Aujourd’hui, Rami Abou Jamous travaille régulièrement pour France 24, TF1, Arte et Orient XXI, et ponctuellement pour (beaucoup) d’autres. « Le vrai but, c’est de parler de Gaza tout le temps, surtout dans les médias français », confie-t-il.  « Vu tout ce qu’il a traversé jusqu’ici, c’est un miraculé, souffle Cyril Payen, grand reporter à France 24, qui l’a rencontré en 2014. On a vraiment besoin de lui en vie. » Dans ses posts et ses vidéos, Rami Abou Jamous évoque aussi sa vie de famille, notamment la façon dont son fils Walid, aujourd’hui âgé de 3 ans, traverse la guerre. Souvent avec légèreté, comme lorsqu’il raconte les zigzags en voiture pour s’enfuir de Rafah ou comment il a fait jouer son fils au campeur en arrivant à Deir el-Balah. « C’est dur de faire le clown, de faire croire que tout va bien, lit-on dans son Journal de bord de Gaza (éd.

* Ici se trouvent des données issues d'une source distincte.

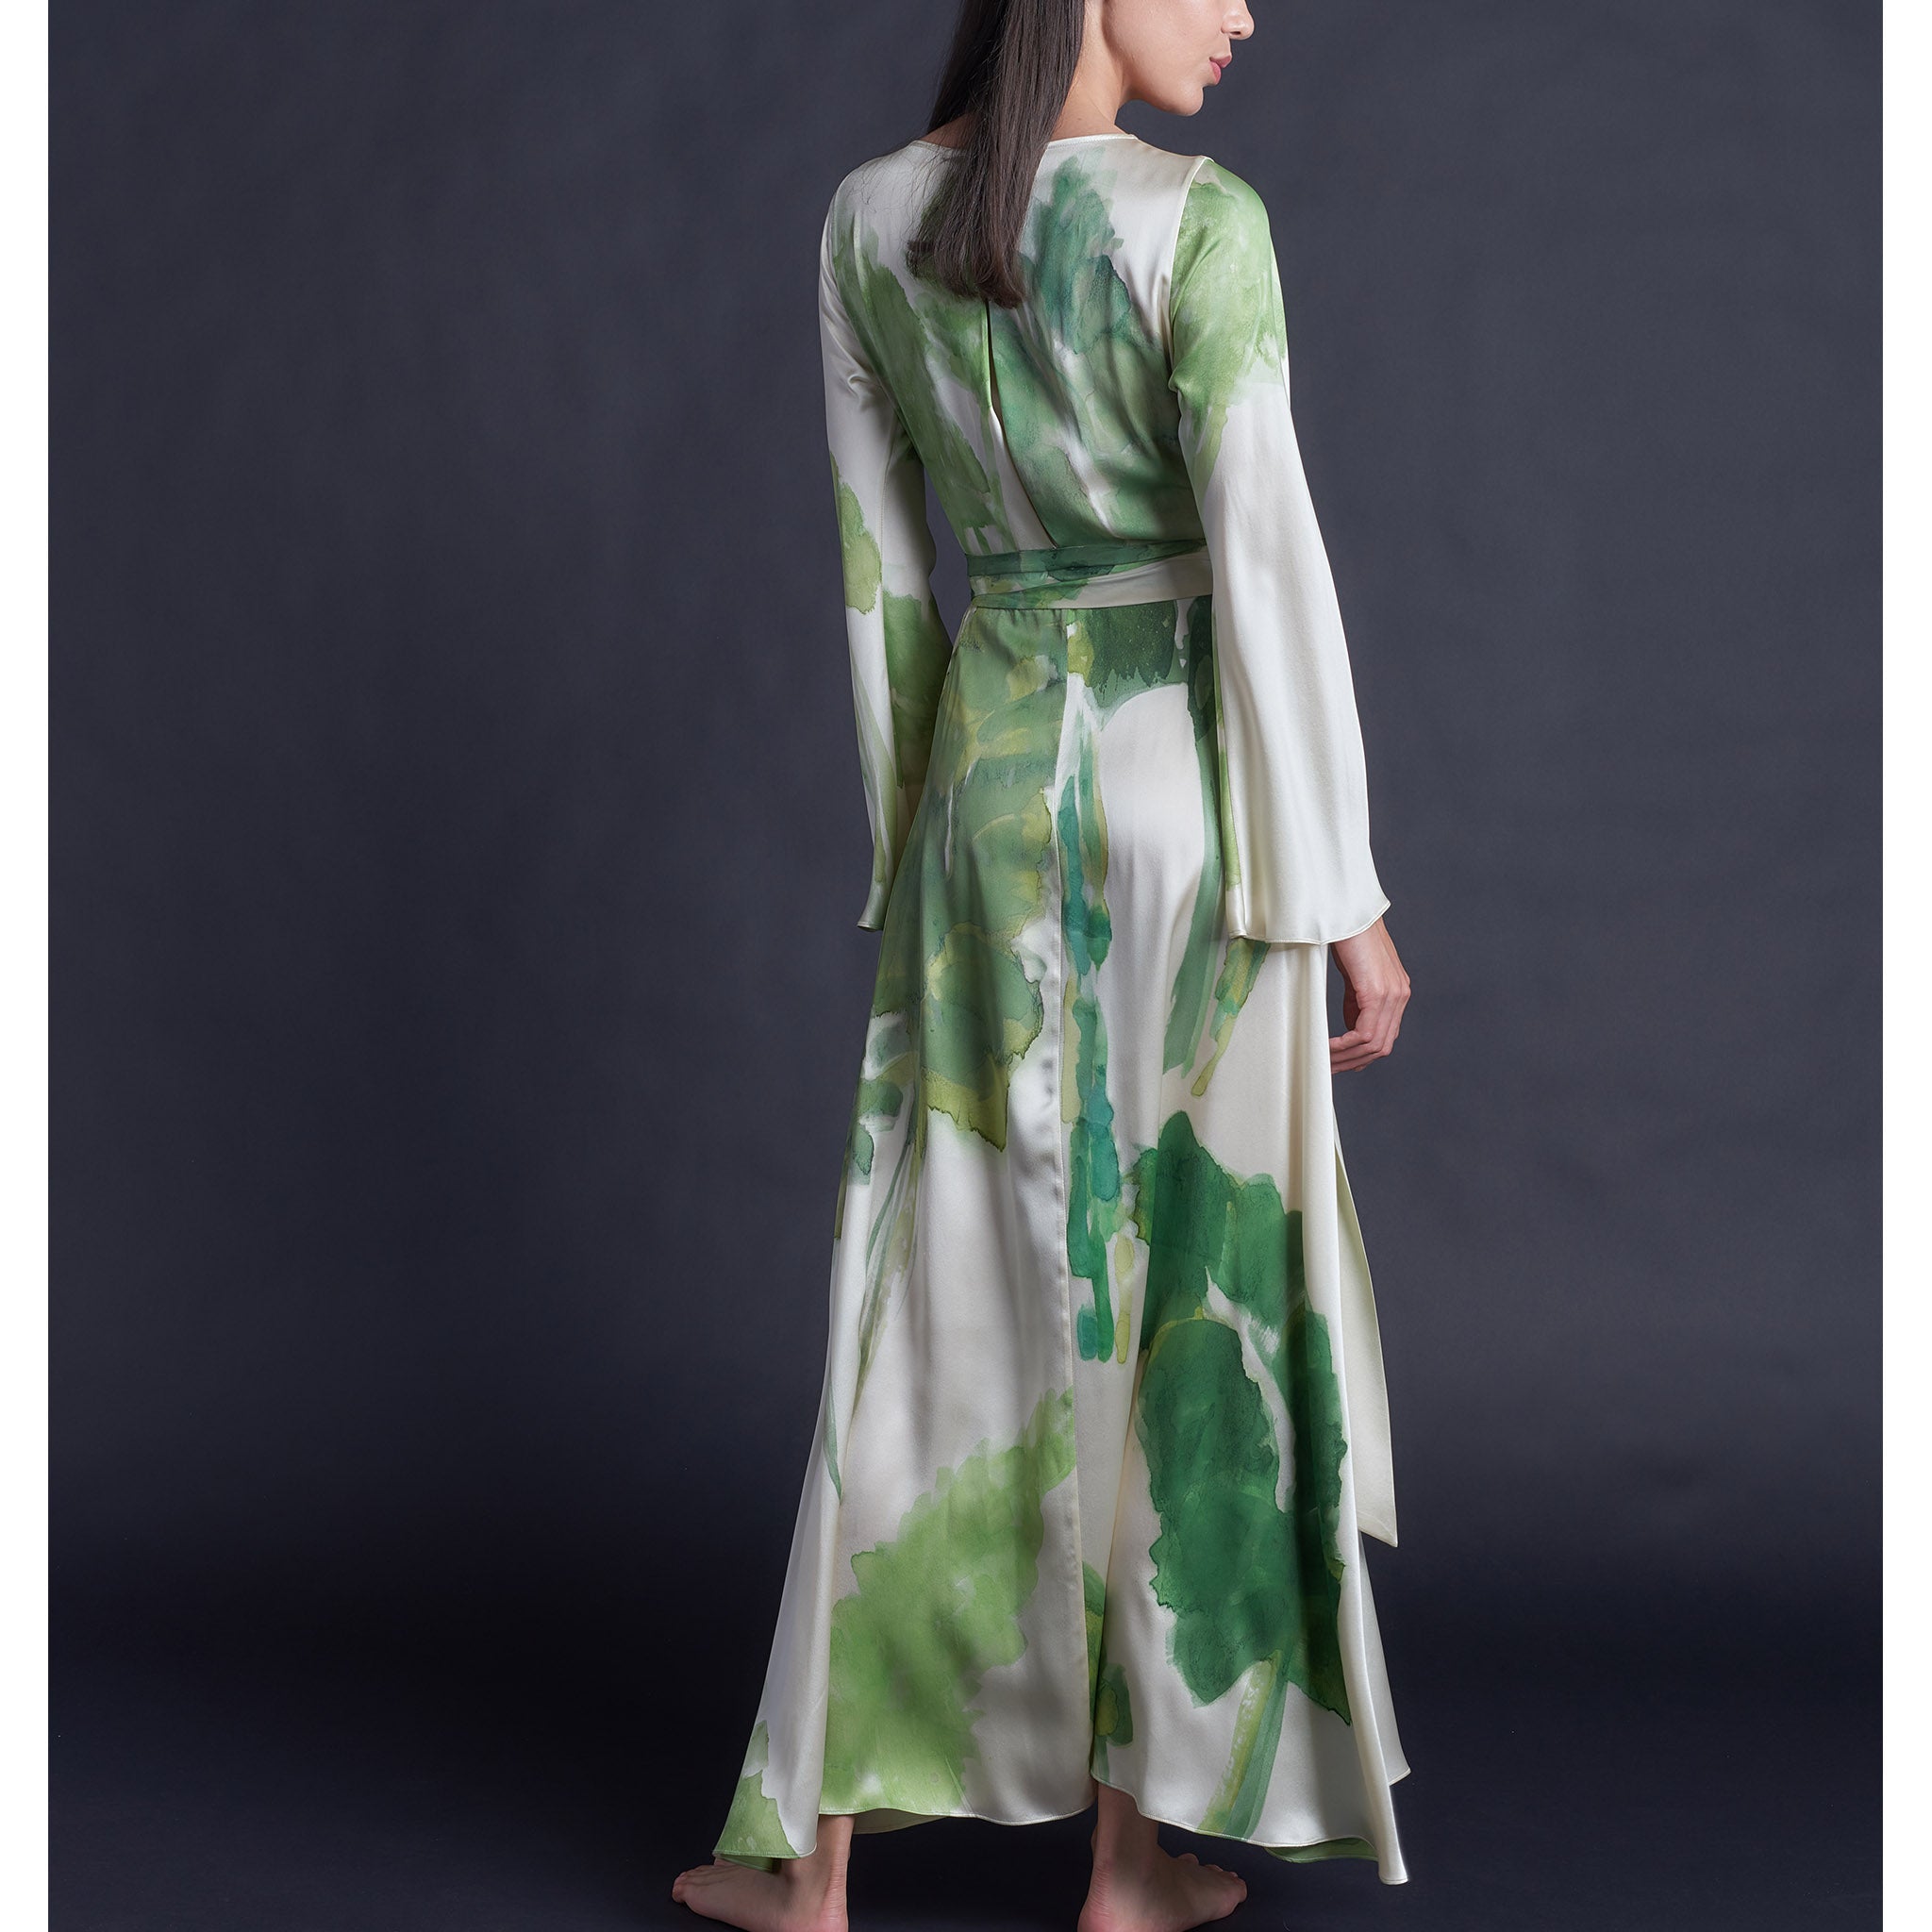 One of a Kind Hand Painted Iris Silk Satin Dressing Gown

Libertalia-Orient XXI, 18 euros), qui regroupe des chroniques parues entre le 21 février et le 29 octobre 2024. Les enfants d’aujourd’hui transmettront à leurs enfants l’angoisse et la violence qu’ils sont en train de vivre. »


Avec sa femme, Sabah, ils attendent un bébé pour mars. « Comme on est en train de nous effacer, c’est aussi notre façon de résister, de montrer que sous la tente, il y a de la vie. » Soixante mille femmes seraient enceintes dans la bande de Gaza. « Un jour, ces enfants-là déclareront l’État palestinien et vivront en paix avec les Israéliens », veut croire Rami Abou Jamous.